The project is organized into the following modules:
- core: The core module containing the main poi-scala library
- cats: The Cats functional programming integration module
- scalaz: The Scalaz functional programming integration module
- async: The module for asynchronous operations
- fatjar: Assembly module for creating fat JARs with all dependencies
- benchmarks: The module for performance benchmarks
# Show all available targets
make help
# Set up development environment
make dev-setup
# Quick development cycle (clean, compile, test-quick)
make dev
# Compile all sources
make compile
# Run all tests
make test
# Run specific test suites
make test-integration # Integration tests only
make test-laws # Typeclass and monoid law tests
make test-primitives # Core primitive tests (Cell, Row, etc.)
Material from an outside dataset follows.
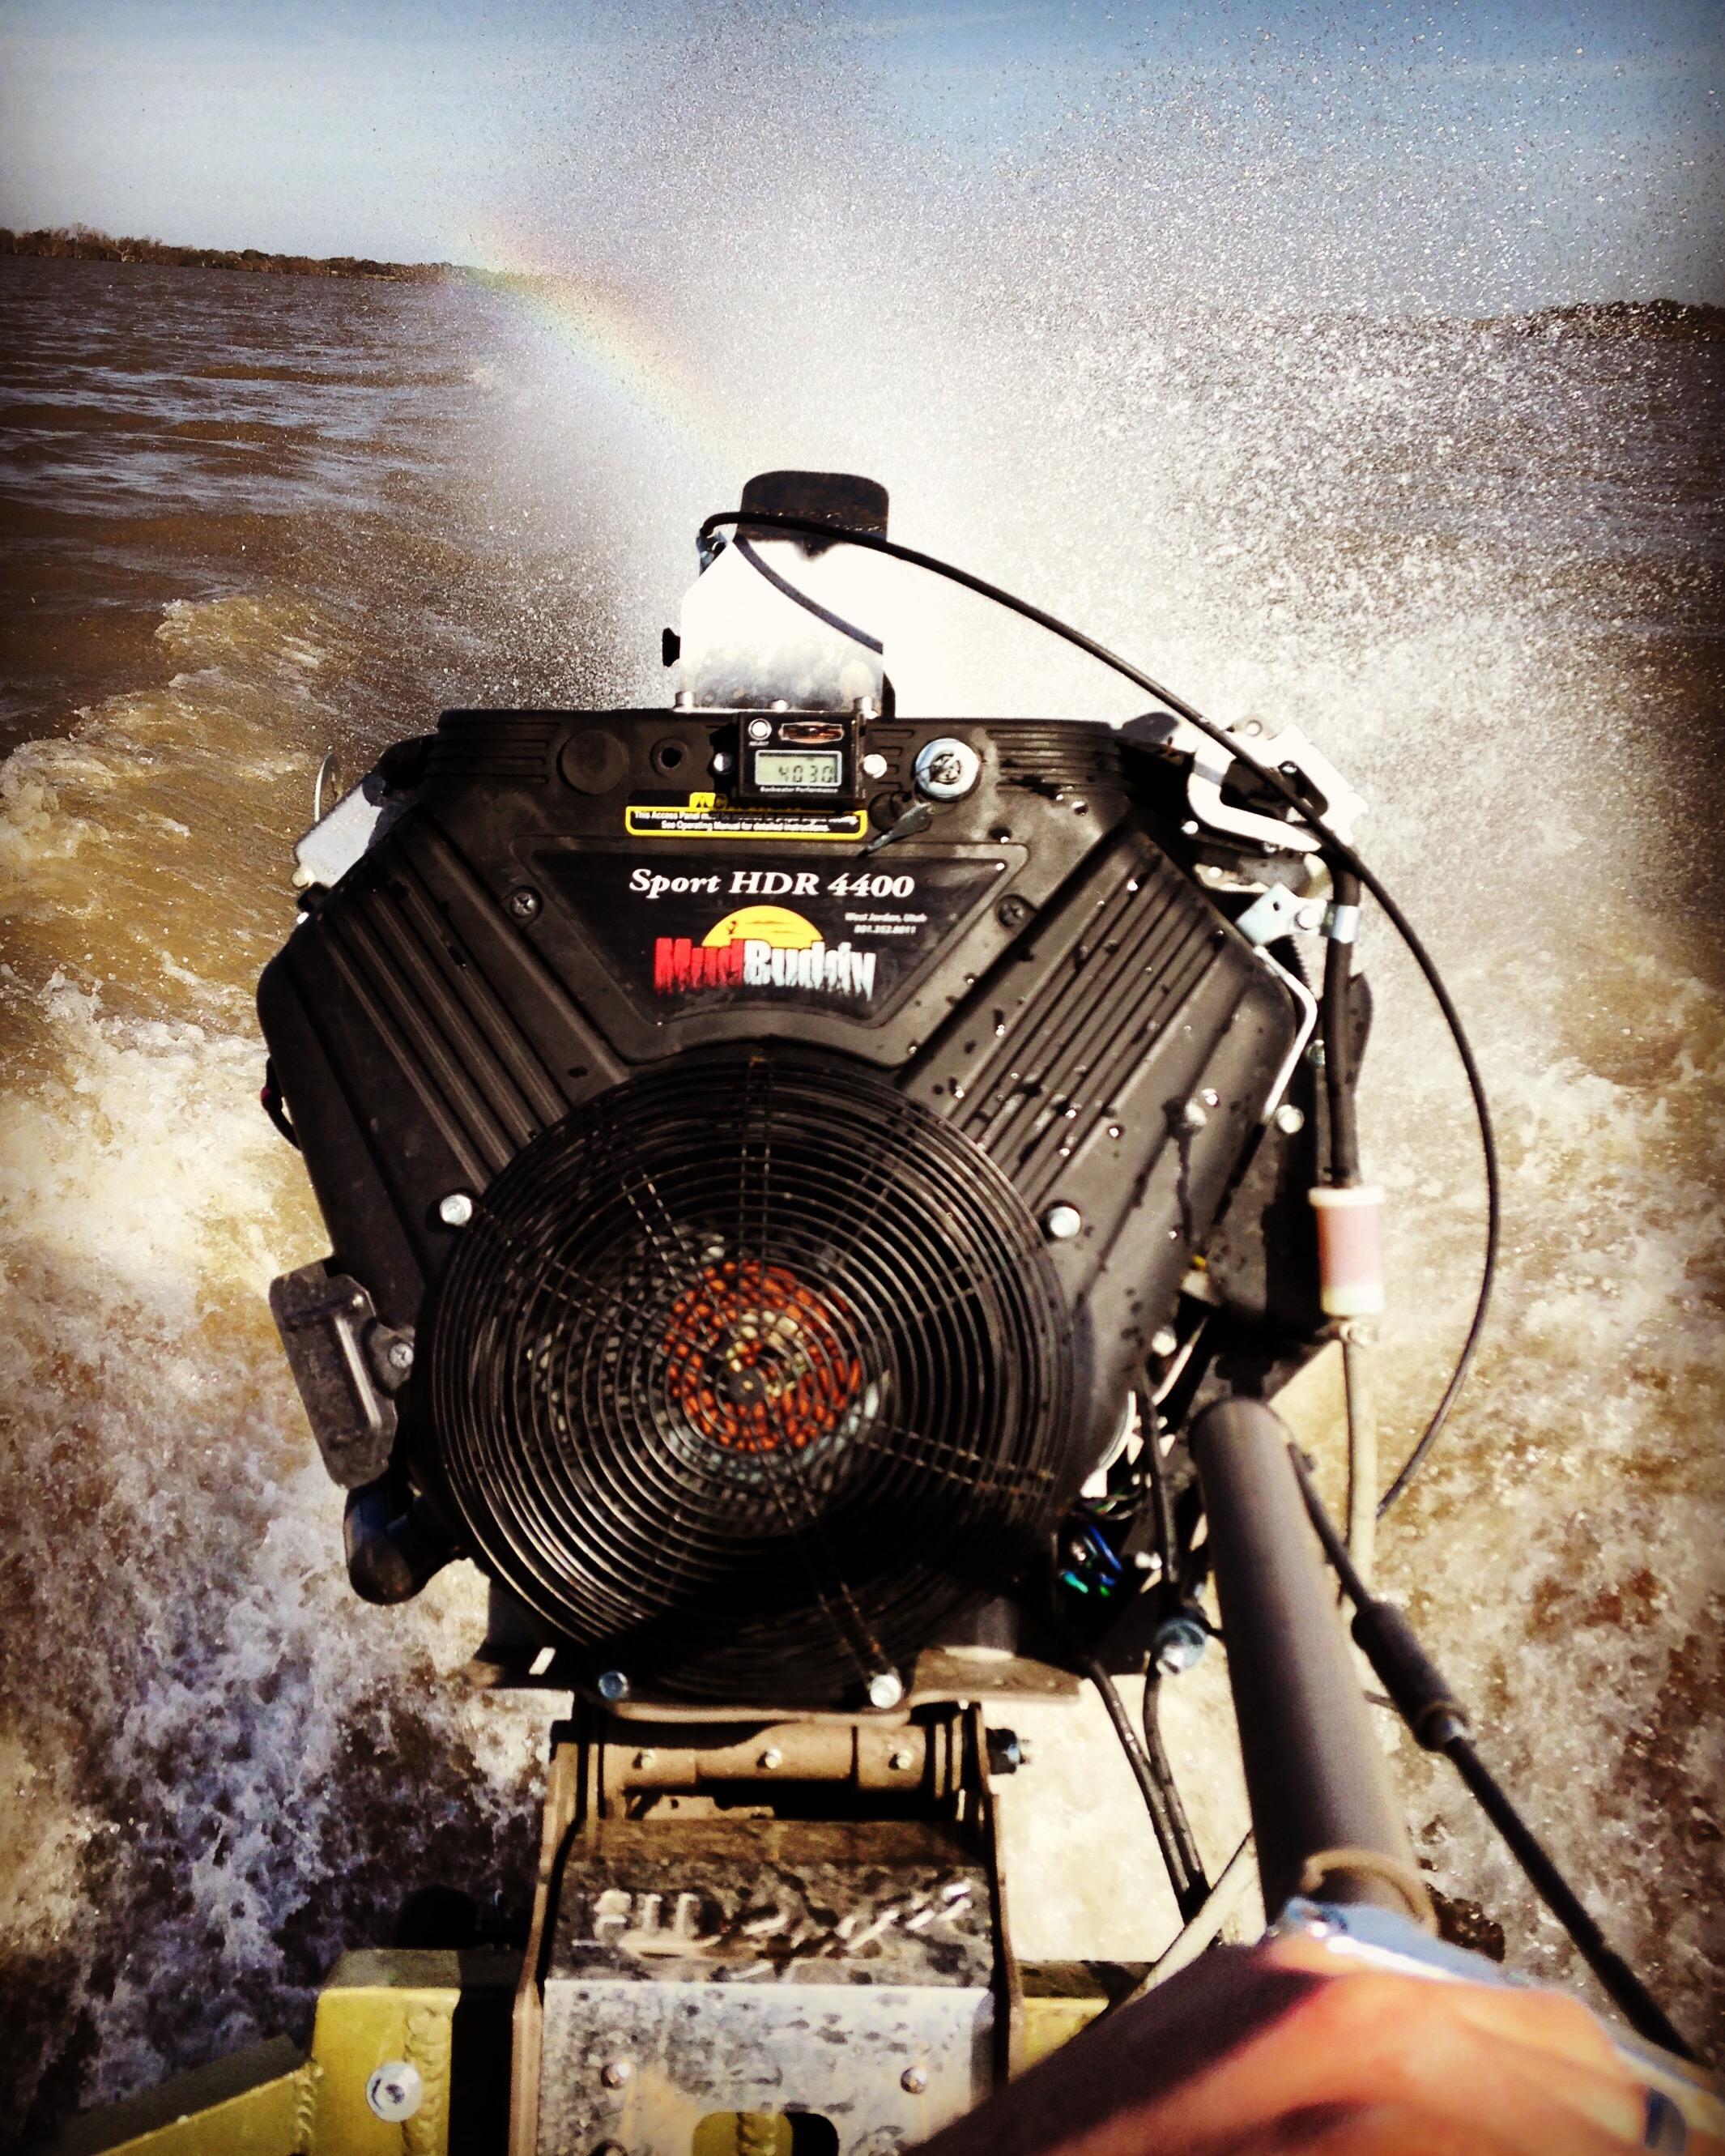 Mud Buddy 4400 mud motor

make test-features # Enhanced feature tests
# Run a specific test class
make test-only TEST='*MonoidLaws*'
make test-only TEST='info.folone.poi.IntegrationSpec'
# Continuous compilation (watches for changes)
make watch-compile
# Continuous testing (watches for changes)
make watch-test
# Quick development cycle
make dev # clean + compile + test-quick
# Full development setup
make dev-setup # clean + compile + test
# Pre-release checks
make pre-release # clean + compile + test + scalastyle + docs
# Run scalastyle checks
make scalastyle
# Format code
make format
# Check code formatting
make format-check
# Run benchmarks
make benchmarks/Jmh/run
# Show project information
make info
# Show dependency tree
make deps
# Update dependencies
make update
# Generate documentation
make docs
# Start Scala REPL with project classpath
make console
This project uses sbt-ci-release plugin. Snapshots are being published on every push to master
.
To publish a new stable release, just create a new tag like so: git tag -a v$next_version -m "v$next_version" && git push origin v$next_version
. Note that the tag name has to start with a v
, followed by a version number (for example v0.25
). You can verify a correctly pushed release by looking at the GitHub actions logs. If it says Tag push detected, publishing a stable release
, you've correctly pushed a new release (example).